I guess mostly we are agreeing. Most of the folks seem disappointed because stock price came down. But the fact is, the stock should not have been bid up to $40 to $47 range. I used to own this stock between Aug 97 to Dec 97 in exactly same price range, (with an identical covered call position). The major reasons for the stock run up was due to the idea that BDX will be doubling the top line in 5 years time.
I am observing that wall street analysts are obsessed with the term "growth". I do agree that growth is important but the stock price run ups on some vague "PEG" is ridiculous. After my BDX shares were called off in December 97, I was stunned that the stock price ran up like it did. Then I was watching the quarterly reports regularly and was always wondering how the high prices could be justified.
I am comfortable with the current prices. The financials and fundamentals make sense so one can hold for a long term appreciation or for trading in a trading range.

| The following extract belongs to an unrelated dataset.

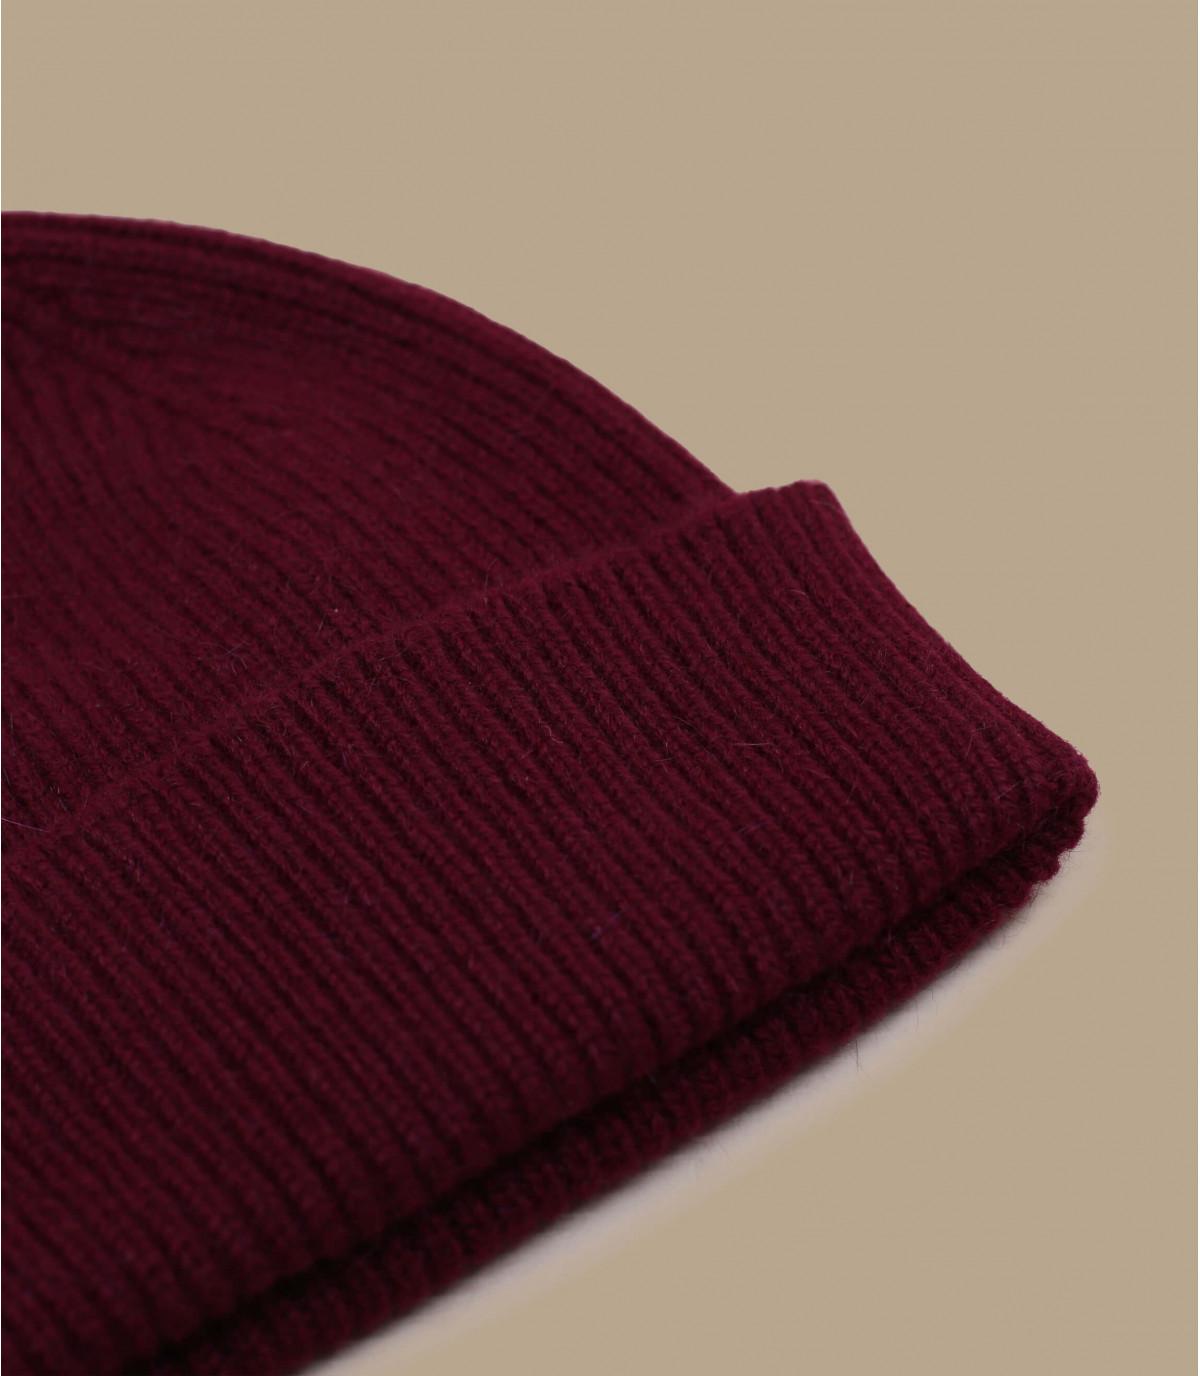 hoed revers bordeaux angora

If the stock dips by a dollar or so, I am planning to double up with similar covered call position. My cost would work out to $22 or so.
As somebody else eloquently observed, the down grade of the debt is not a serous matter (I term that as routine) at the moment unless the company wants to issue more notes. We as share holders should worry what the company will be earning and what the market expectations could be (albeit long bond interest rate etc). Good luck.
(P.S I hope you do not consider this as "peddling". Have a look at Beckman Coulter. This is my favorite though I have not made much money out of it (yet). I think this company has assimilated the acquisition and has a good cash flow. If the next one or two years pass by without any financial debacle, I think the stock will be double. Again, this stock also is languishing because of lack of "growth" in the "top line". To me it appears bottom line will grow handsomely and that is enough. Similarly, I think the bottom line in BDX will be OK).